The republic has been roiled by multiple Islamist insurgencies for the past two decades, incessant gang warfare, and epic corruption scandals that shock even Russians. I personally have not been to Dagestan for more than 20 years, simply because it was the most dangerous place in Russia. Its ministry of tourism insists that the whole republic is now “100% safe” for tourists, but no independent expert seems willing to go on the record to affirm that.

Chapter 7: If you build it, will they come?

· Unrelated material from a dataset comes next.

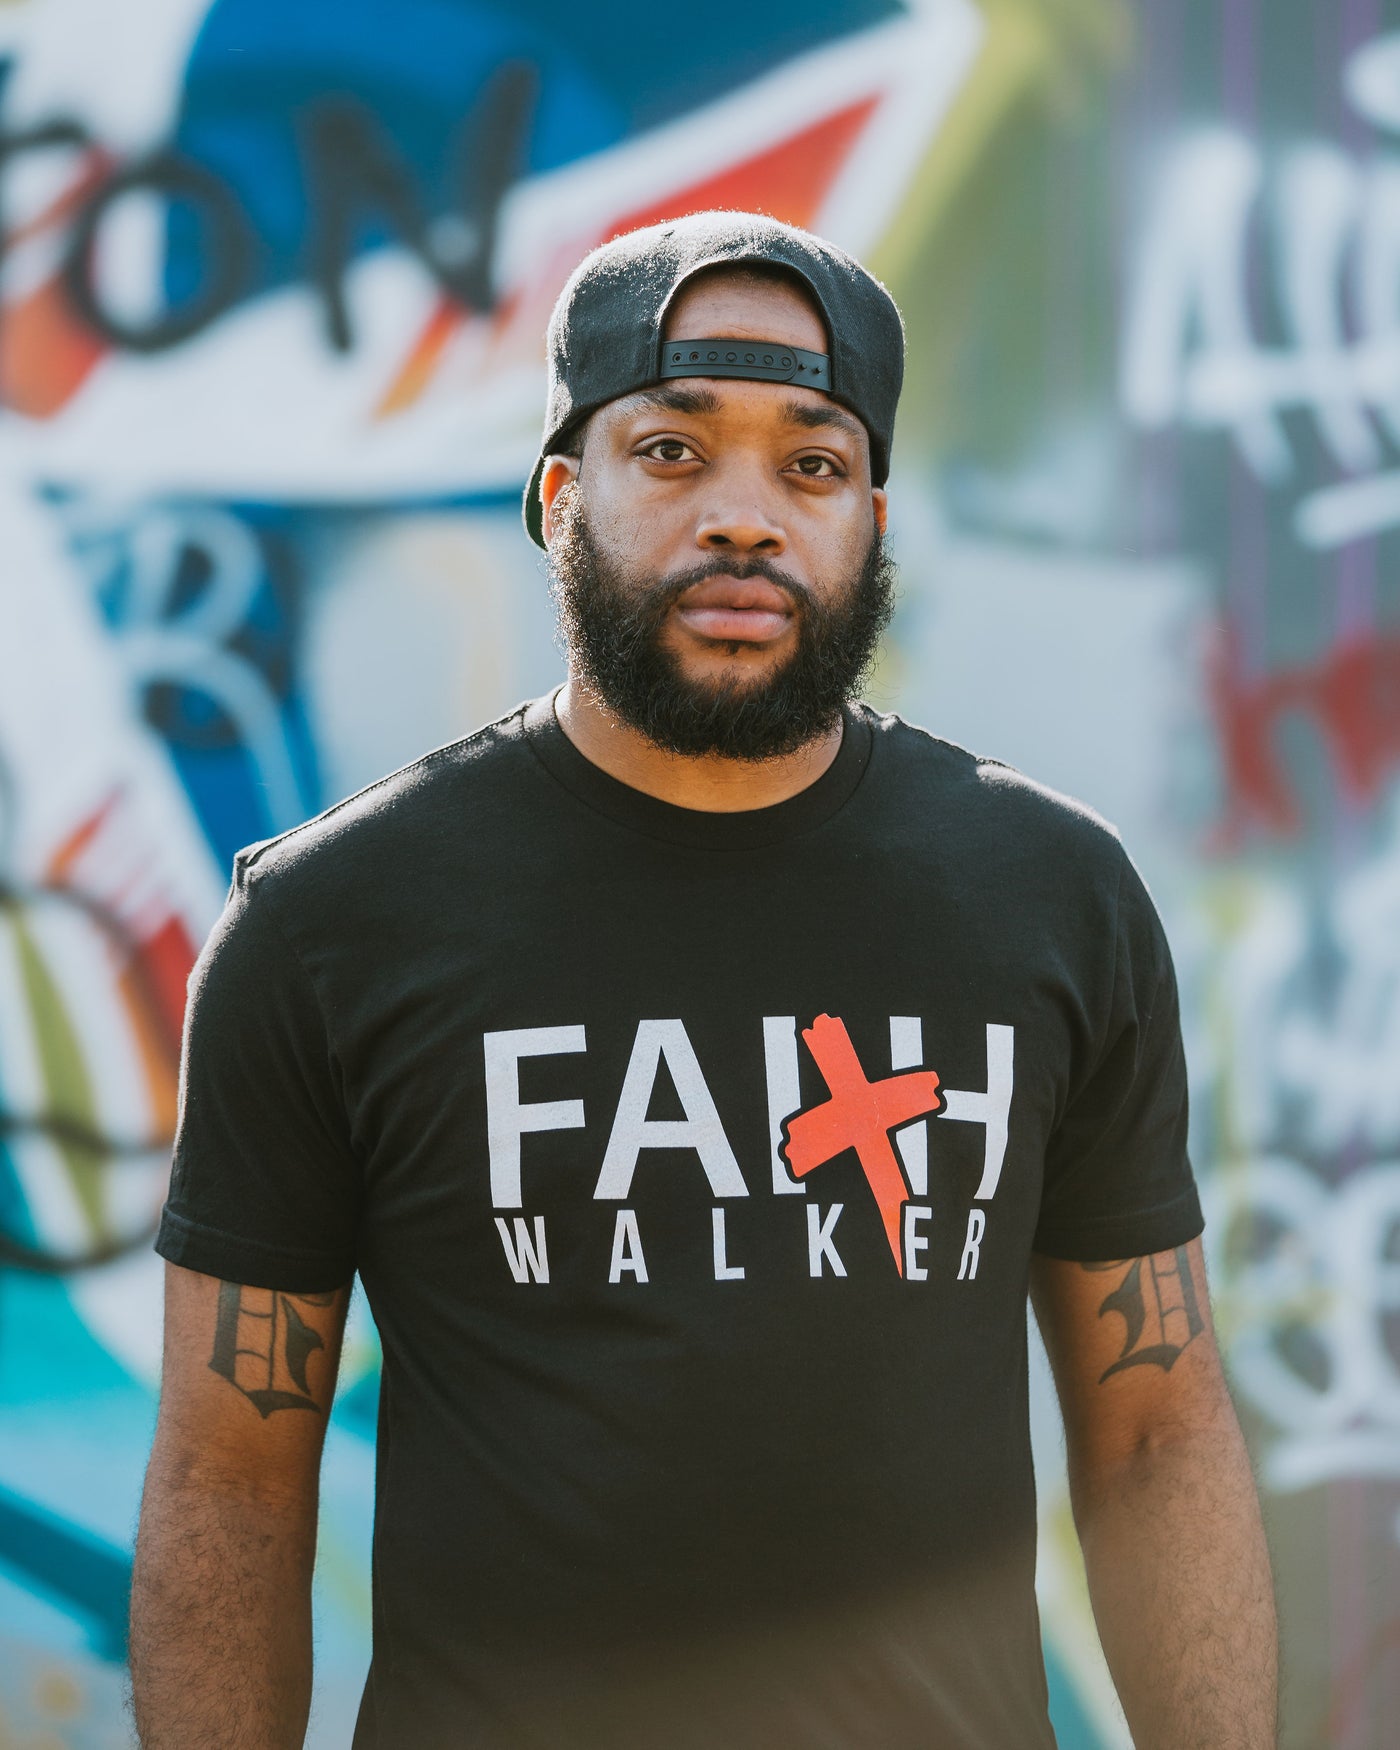 2 Corinthians 5:7 For we Walk by FAITH and not by Sight. Faith Walker Tee is an outward statement of your FAITH in God. The red Cross represents the Blood Jesus shed on the cross for our sins. As you rep your FAITH remember all you need is FAITH the size of a mustard seed.

Thanks to various factors, Russians do appear to be returning in large numbers to many of their old Soviet-era haunts. Black Sea resorts like Sochi and holiday zones of the recently annexed Crimean Peninsula are reportedly experiencing major revivals. This is due in part to the severe devaluation of the ruble, political crises with the West, and the instability in other favorite Russian tourist destinations such as Egypt and Turkey.

But it’s clearly going to be much harder to entice even the travel-hungry Russians back to the North Caucasus, despite the stepped-up federal investment in infrastructure and the tentative appearance of peace. 

“We need much better marketing outreach to spread the word that we are open for business down here and can deliver everything people expect,” says Mr. Timoshenko, the tour operator from Pyatigorsk. “It’ll take time. But as long as political stability is maintained and there are no more violent incidents, it will happen. Press coverage of this region is generally good of late, and development of infrastructure is proceeding. We have everything it takes, and we’re optimistic.”